The message I am getting is "Due to Server Issues, FORUM is Currently down, we will be back in a short while."

I do see the site http://newprojectfreetv.com/
Which carries the old logo, however I couldn't get a show to play


----------



## Belfrybat

mnn2501 said:


> The message I am getting is "Due to Server Issues, FORUM is Currently down, we will be back in a short while."
> 
> I do see the site http://newprojectfreetv.com/
> Which carries the old logo, however I couldn't get a show to play


What others are getting (myself included) is a white screen with the word "Goodbye" on the upper left corner: 
http://www.free-tv-video-online.info/

The link you posted is not Project Free TV. From what I've read several bogus sites are cropping up -- one of which almost got through my firewall, adblock, and antispyware program. I had to do a system restore to get rid of it. I never had that problem with the real Project Free TV.


----------



## Nevada

Belfrybat said:


> What others are getting (myself included) is a white screen with the word "Goodbye" on the upper left corner:
> http://www.free-tv-video-online.info/


I'm getting the same thing here.


----------



## Belfrybat

Sad.

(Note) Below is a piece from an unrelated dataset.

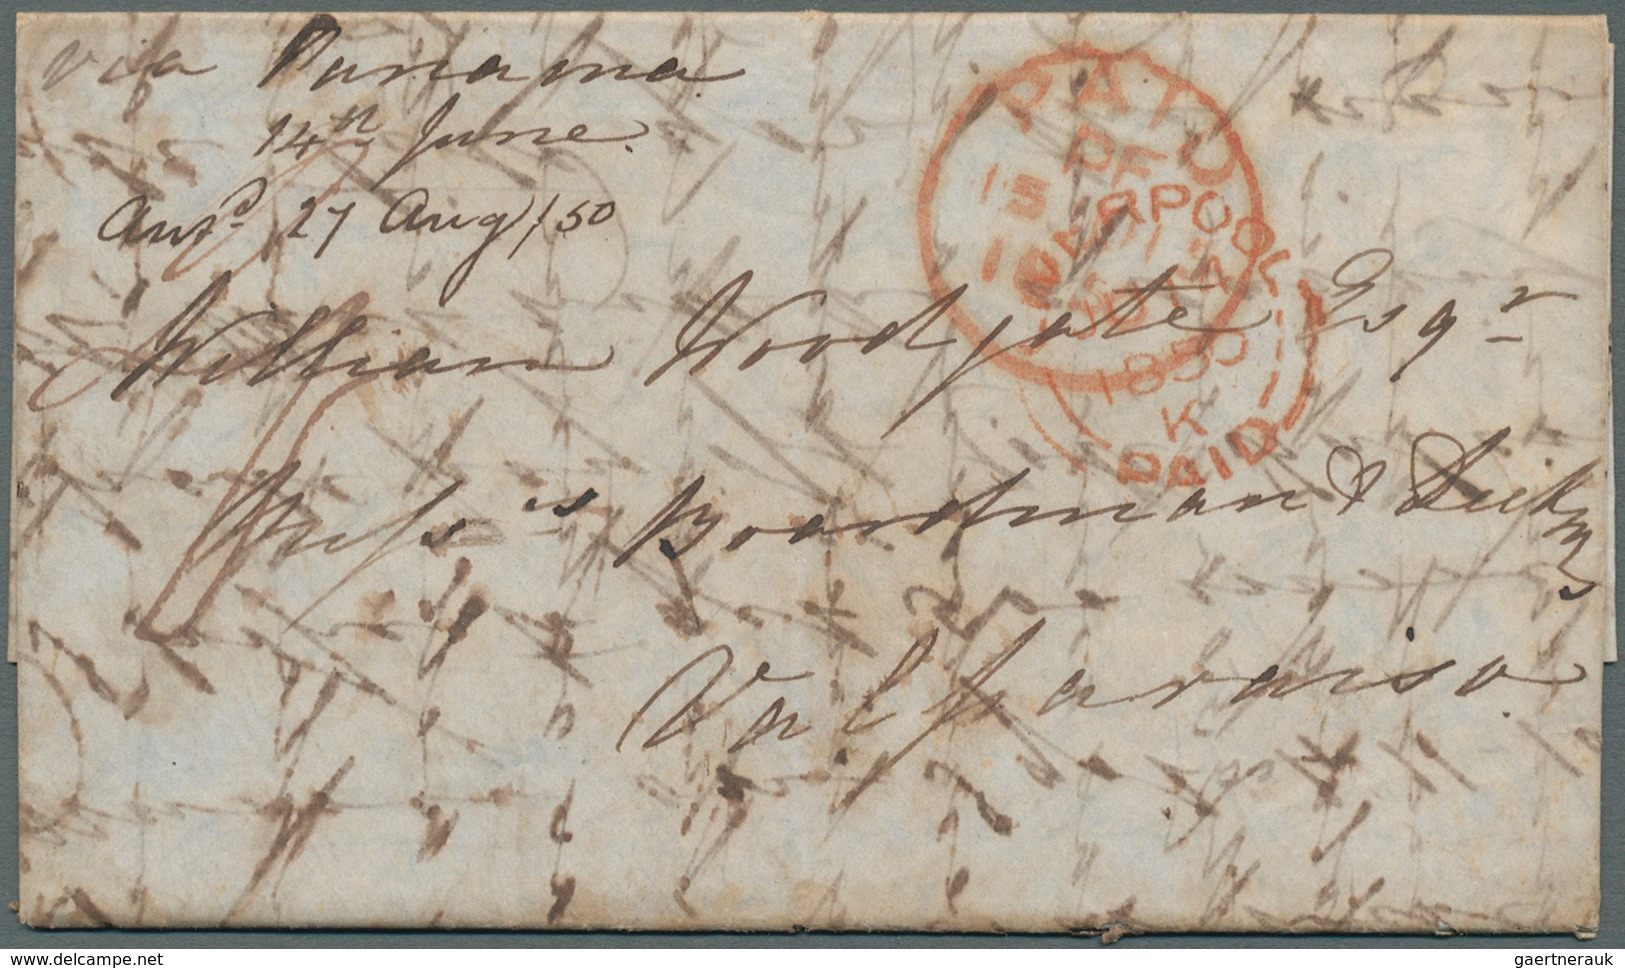 Großbritannien - Vorphilatelie: 1791/1850 ca., 360 early covers with a great variety of cancellation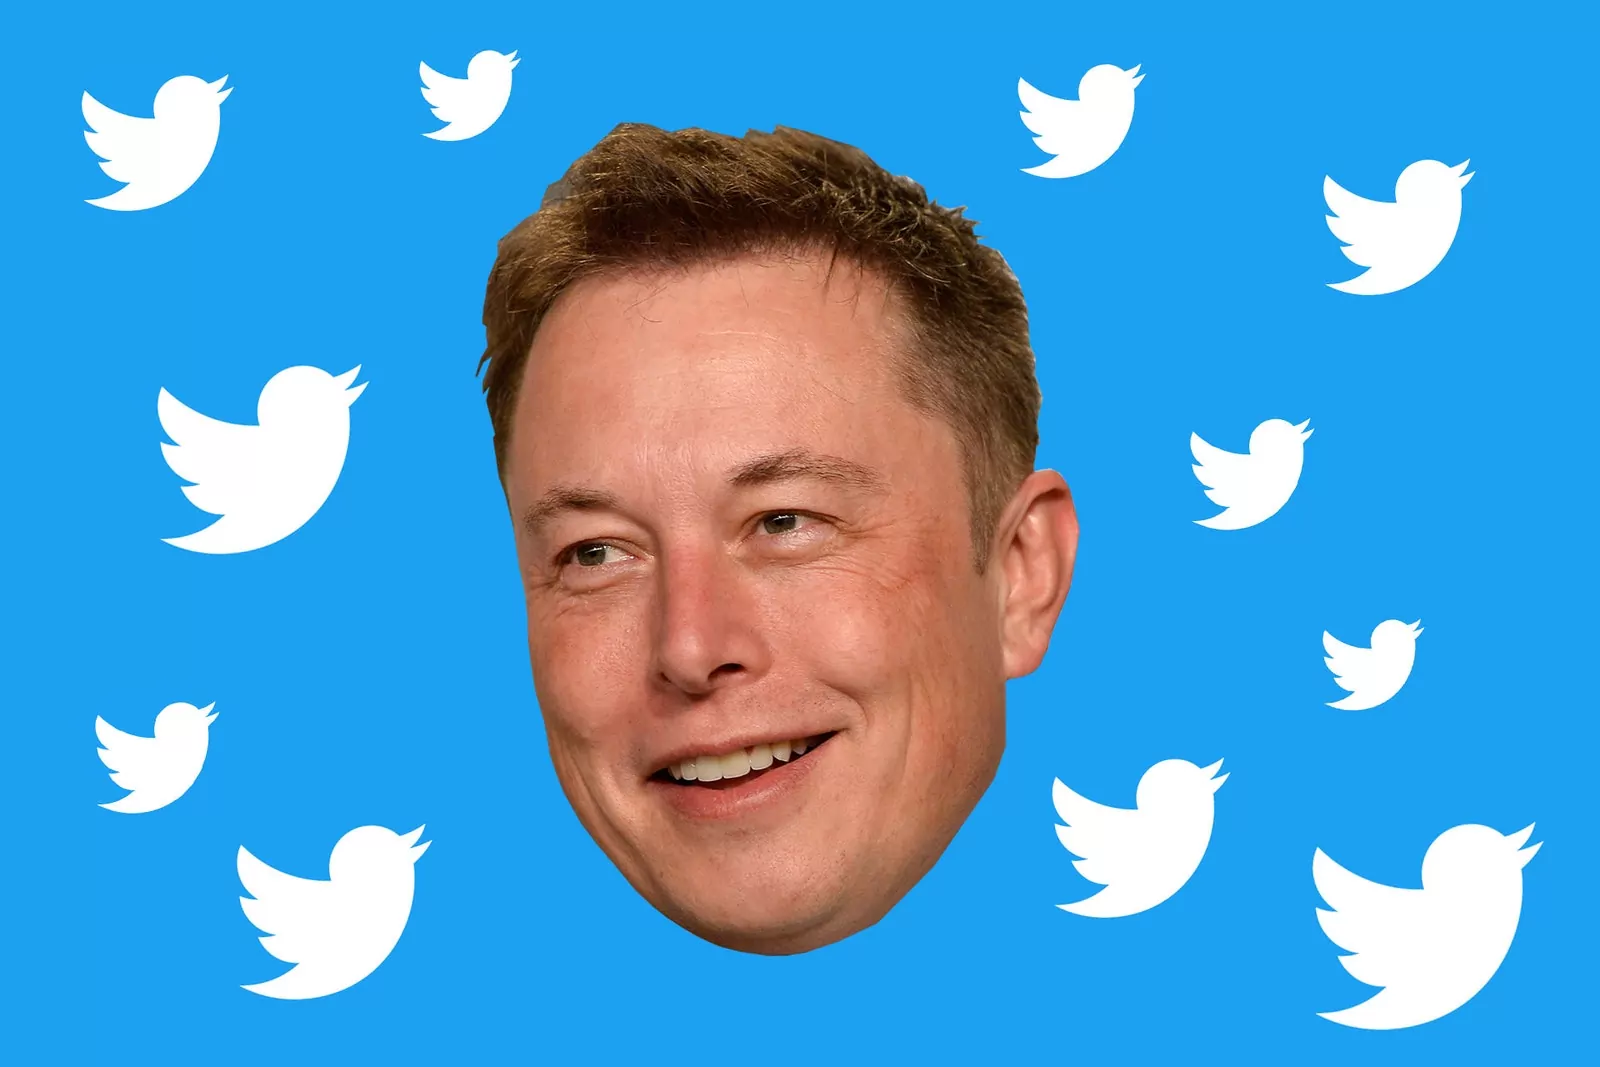 Twitter Announces Elon Musk To Join Board Of Directors | Why?

That was my "goto" site for watching shows that weren't on Amazon Prime or HULU. I know I can find the shows elsewhere, but the interface of Project Free TV was so user friendly.


----------



## arabian knight

*PROJECT FREE TV STREAMING SITE SHUTS DOWN*
BY ANDY ON JULY 24, 2015 C: 104
BREAKING
In a crowded marketplace Project Free TV grew to become one of the most visited streaming indexes around, gaining popularity with fans worldwide through its TV scheduling and discovery features. *But after many years' loyal service Project Free TV now displays just one word on its homepage: Goodbye.*

pftv-logoWhile BitTorrent remains the most used peer-to-peer method of obtaining video content online, for the past several years the availability of cheap bandwidth has provided users with additional options.
https://torrentfreak.com/project-free-tv-streaming-site-shuts-down-150724/


----------



## Belfrybat

arabian knight said:


> *PROJECT FREE TV STREAMING SITE SHUTS DOWN*
> BY ANDY ON JULY 24, 2015 C: 104
> BREAKING
> In a crowded marketplace Project Free TV grew to become one of the most visited streaming indexes around, gaining popularity with fans worldwide through its TV scheduling and discovery features. *But after many years' loyal service Project Free TV now displays just one word on its homepage: Goodbye.*
> 
> pftv-logoWhile BitTorrent remains the most used peer-to-peer method of obtaining video content online, for the past several years the availability of cheap bandwidth has provided users with additional options.
> https://torrentfreak.com/project-free-tv-streaming-site-shuts-down-150724/


Yes, it's been shut down for three days now. That is why I started this thread to see if anyone knows of any other sites. 
From your link:


> Users searching for PFTV using Google will already find plenty of sites using the Project Free TV name but most are clones with reduced functionality. *At best, those claiming to be the real deal aren&#8217;t being straight while others appear to be more interested in serving up malicious advertising than providing a decent service*.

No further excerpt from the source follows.